__Aim of the task__
Please output the data exactly, minus pictures.

__The data__

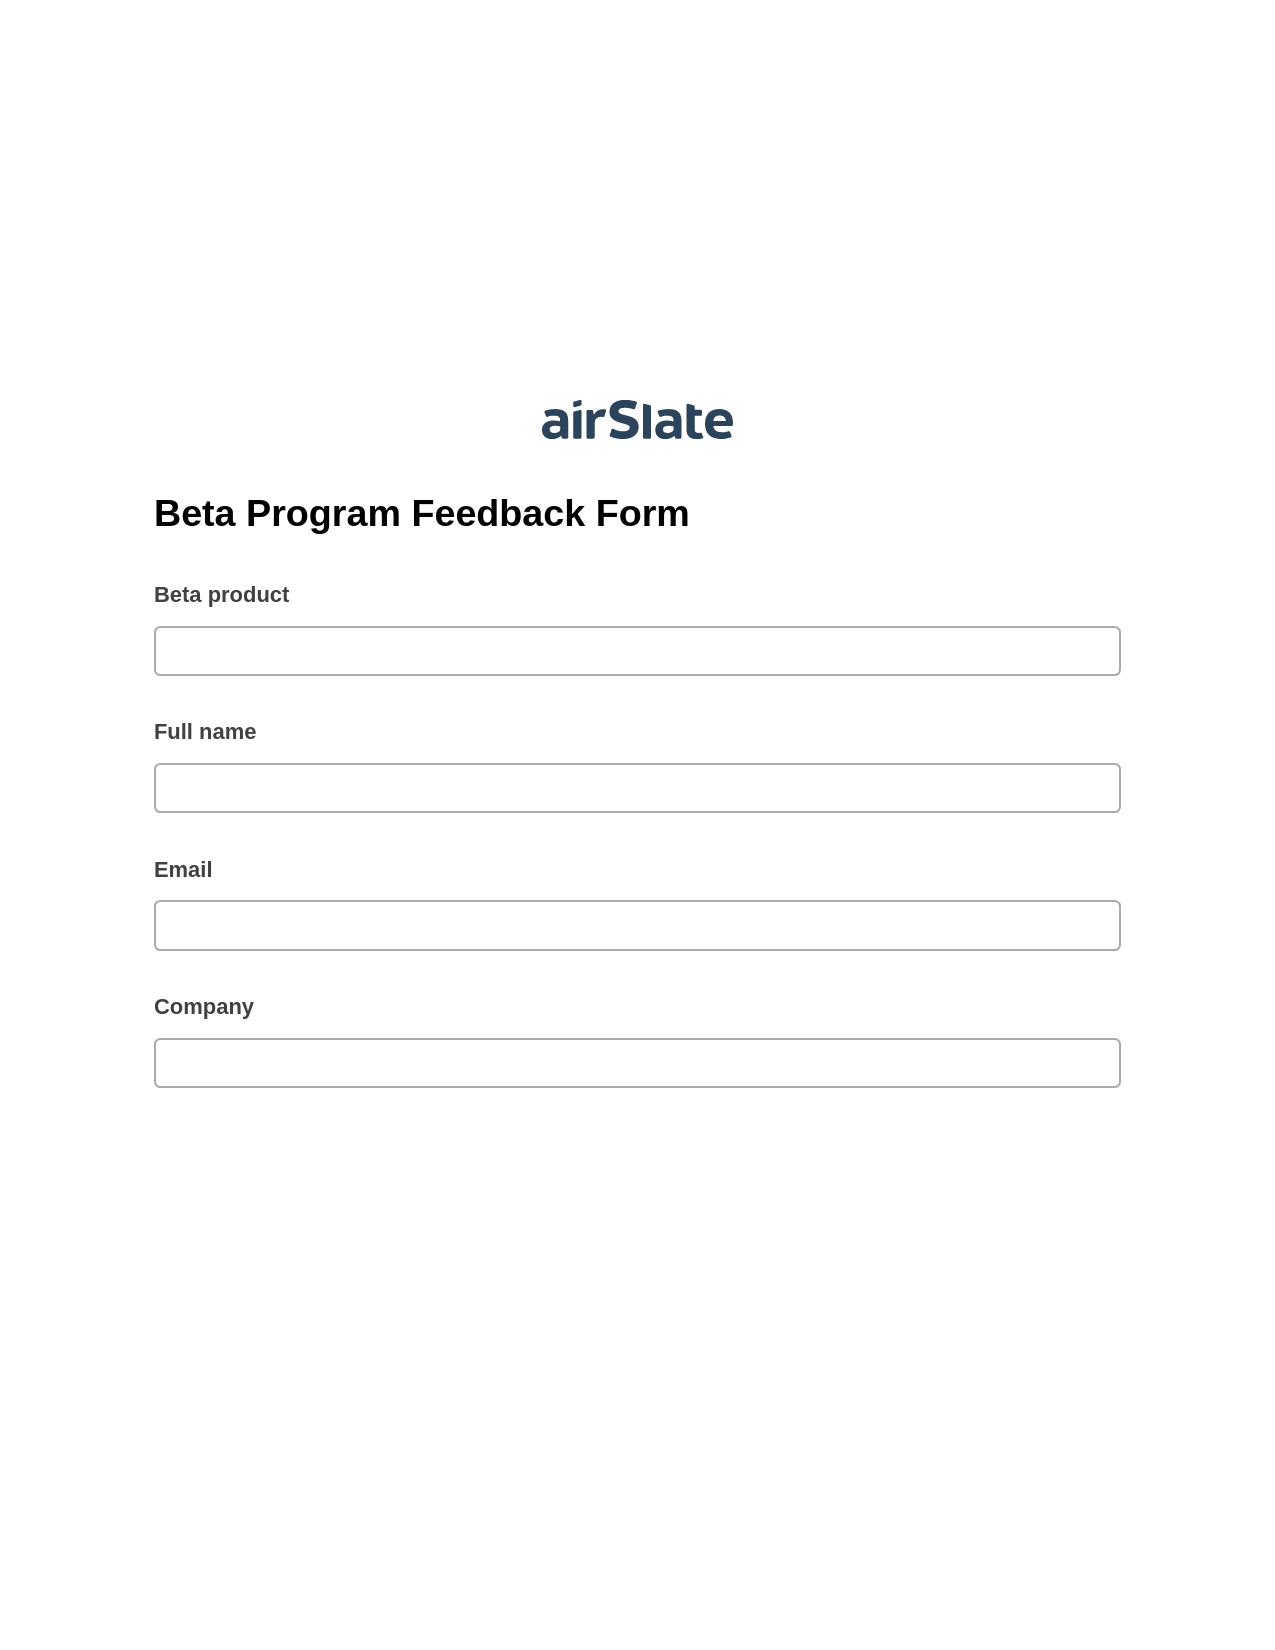 Multirole Beta Program Feedback Form Pre-fill from Excel Spreadsheet Bot, System Bot - Create a Slate in another Flow, Slack Notification Postfinish Bot
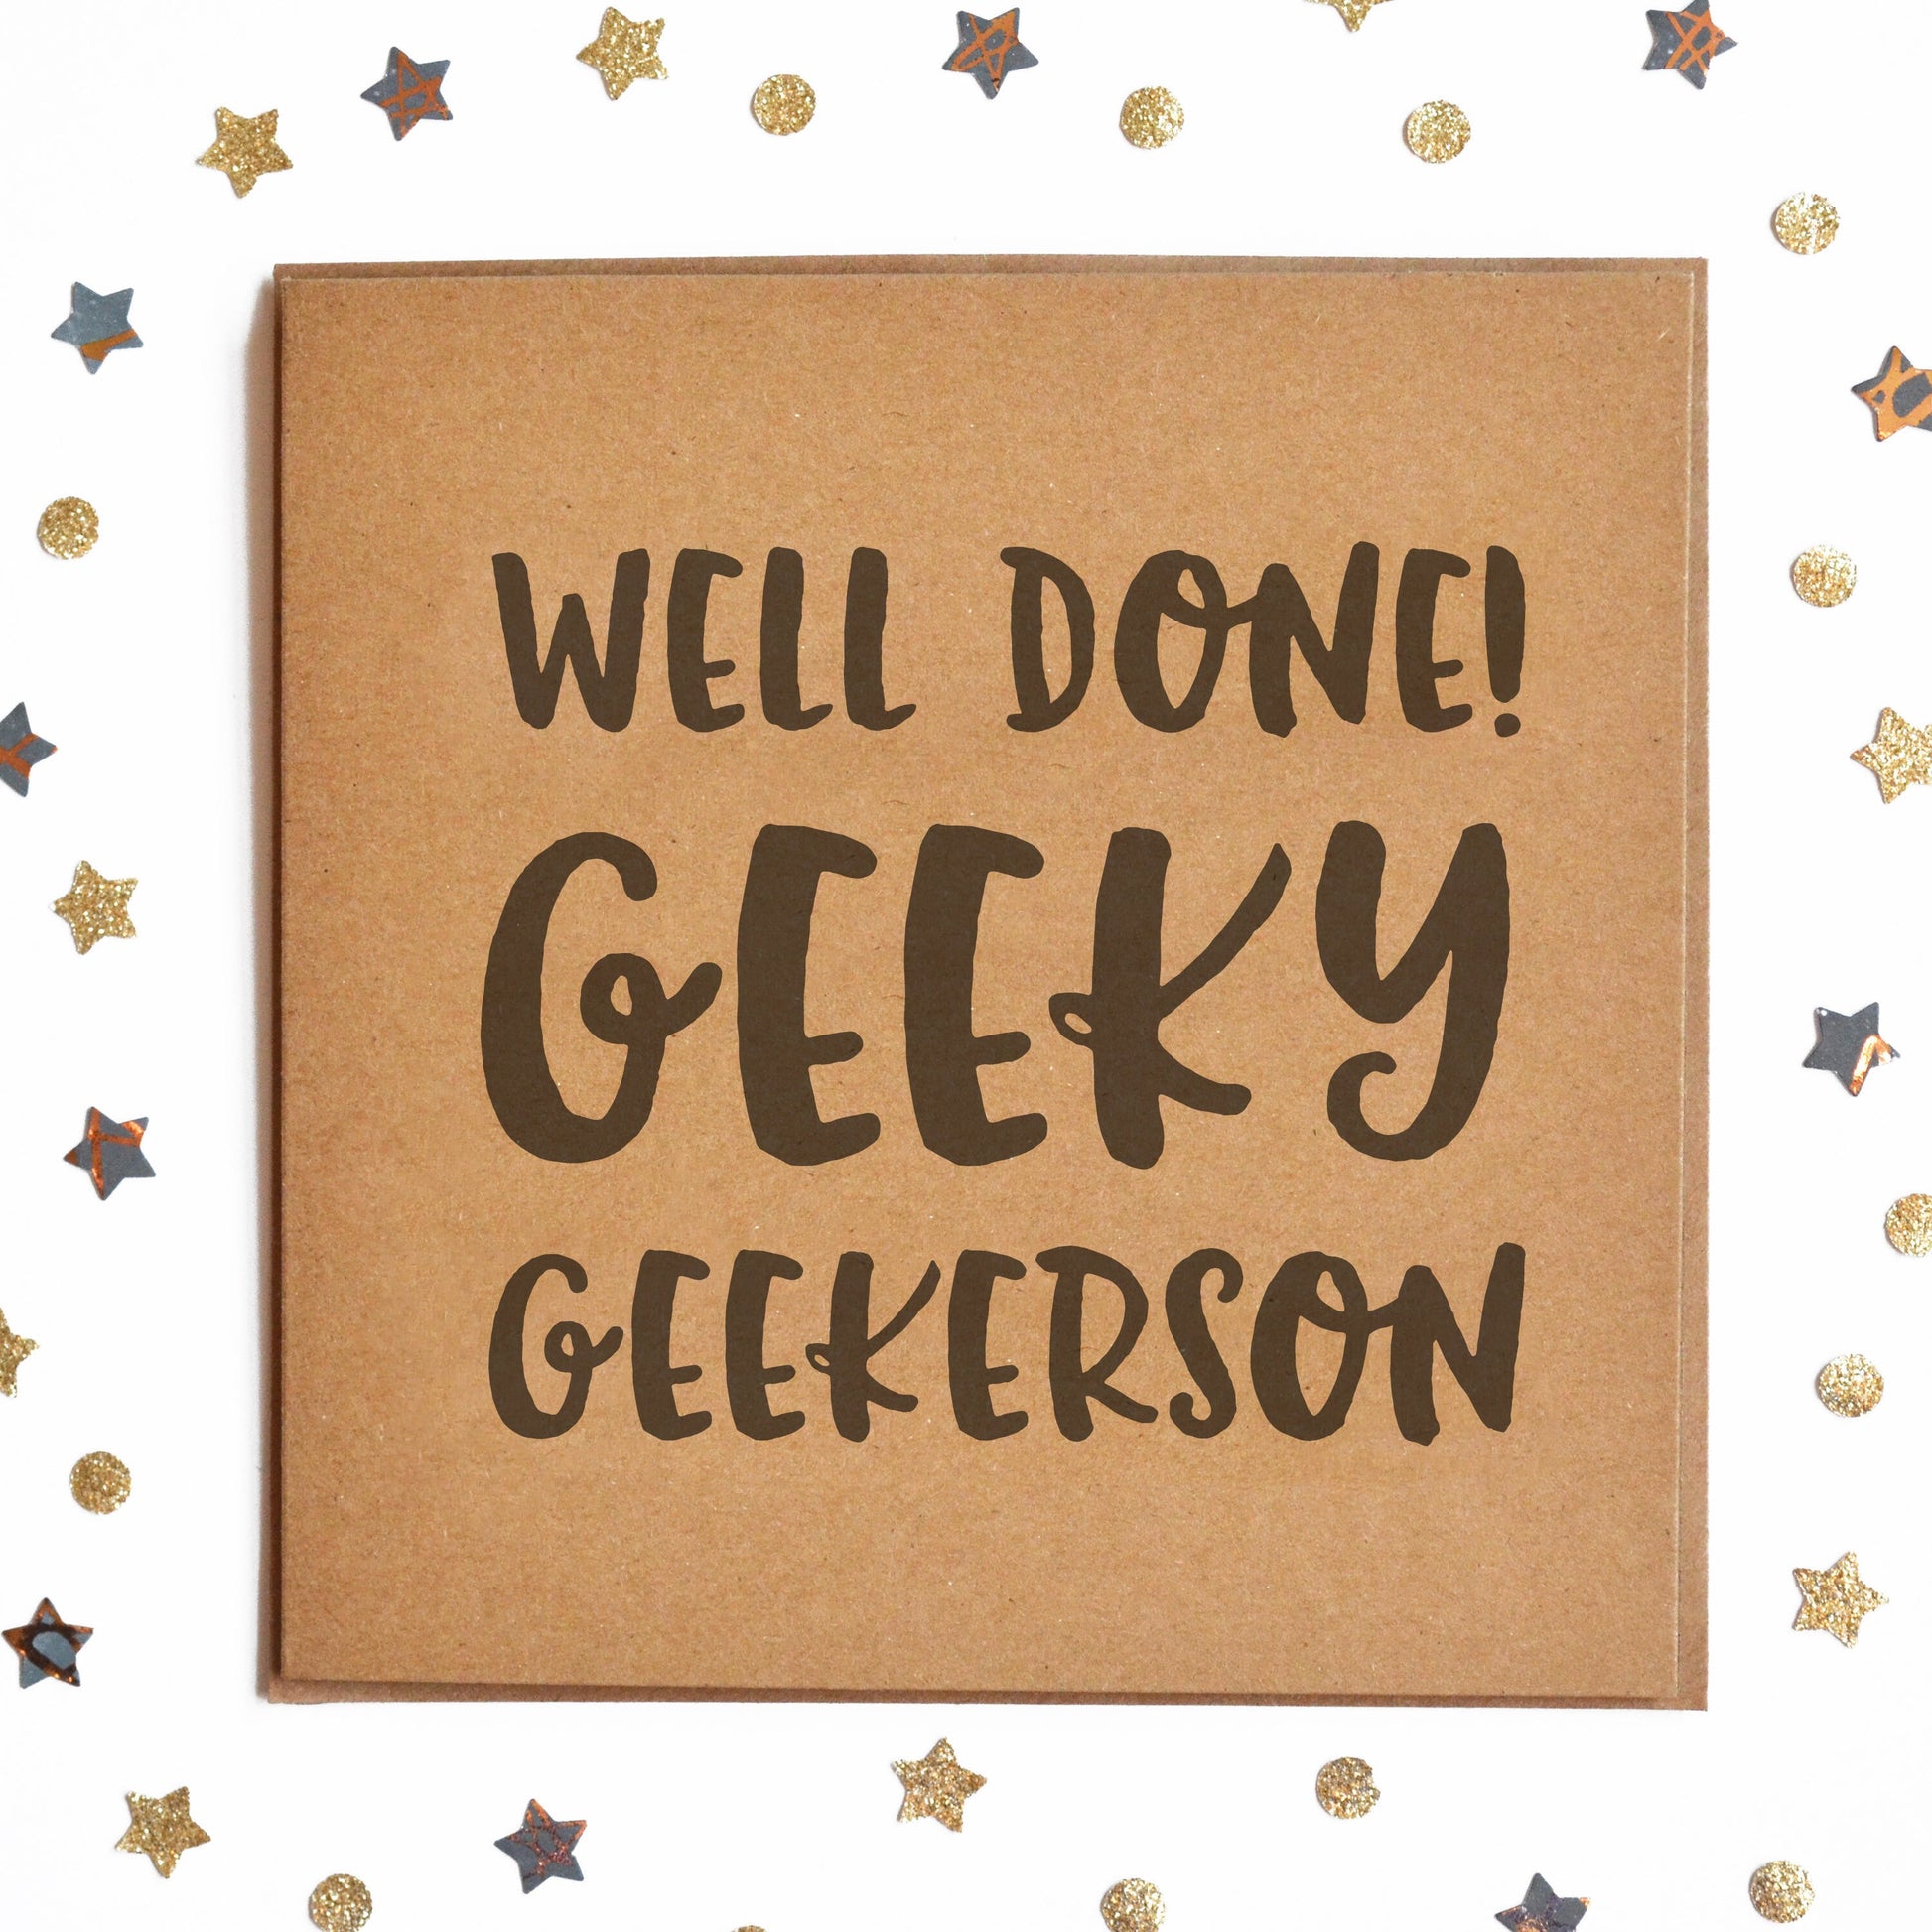 Funny Congratulations Card with the message "Well Done Geeky Geekerson".
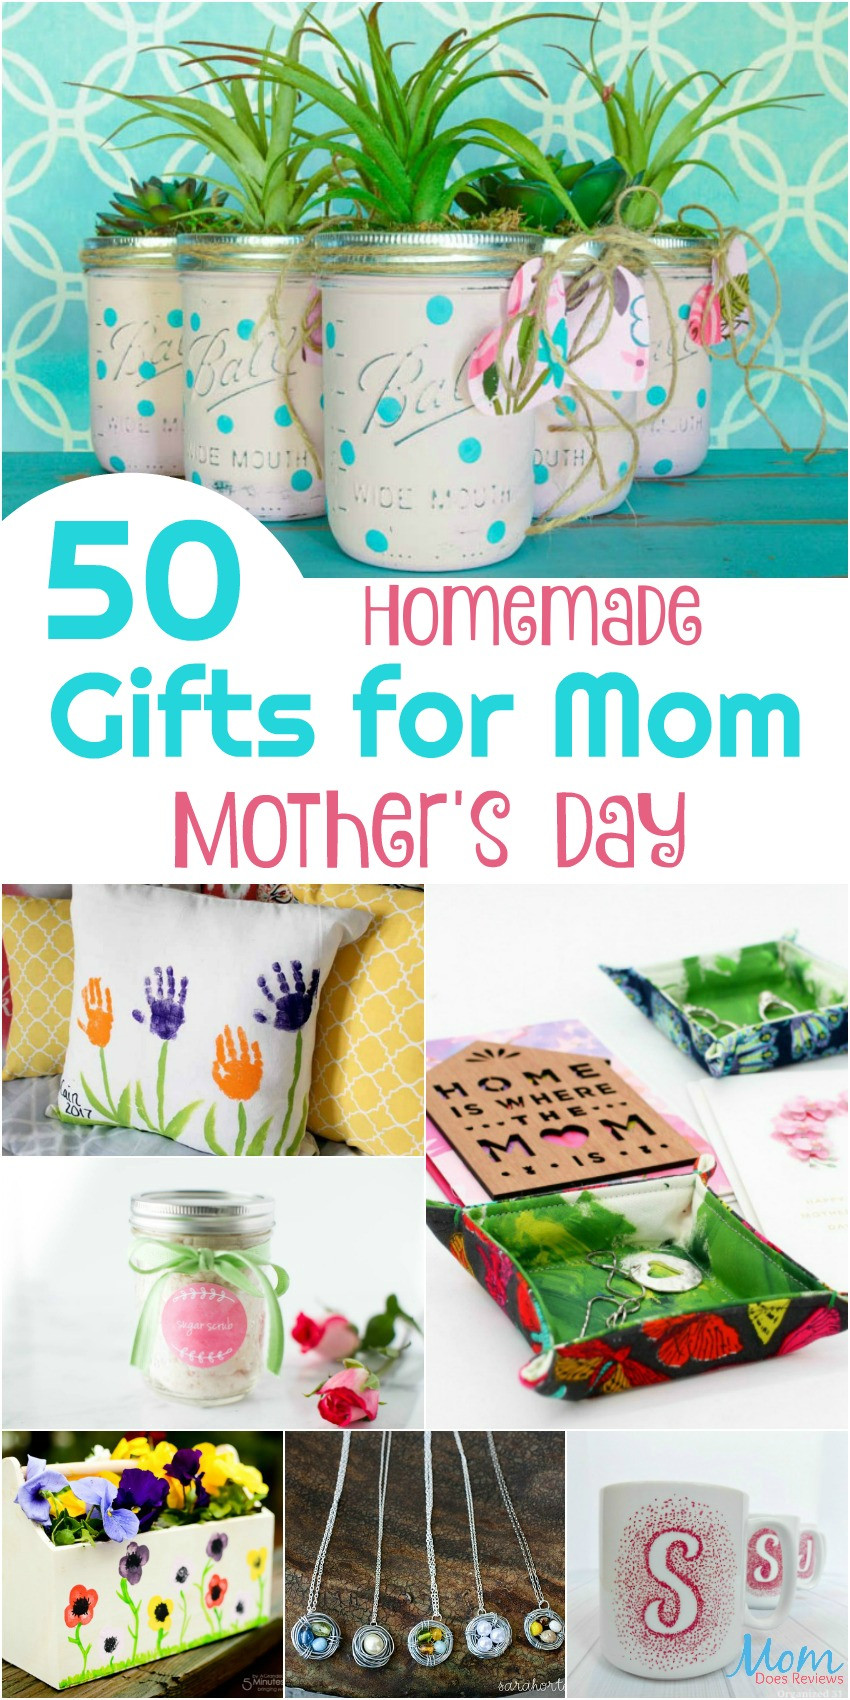 Mothers Day 2018 Gifts
 50 Homemade Gifts for Mom on Mother s Day Mom Does Reviews

__Problem solution__
 Multirole Beta Program Feedback Form Pre-fill from Excel Spreadsheet Bot, System Bot - Create a Slate in another Flow, Slack Notification Postfinish Bot
 Funny Congratulations Card with the message "Well Done Geeky Geekerson".
 Mothers Day 2018 Gifts
 50 Homemade Gifts for Mom on Mother s Day Mom Does Reviews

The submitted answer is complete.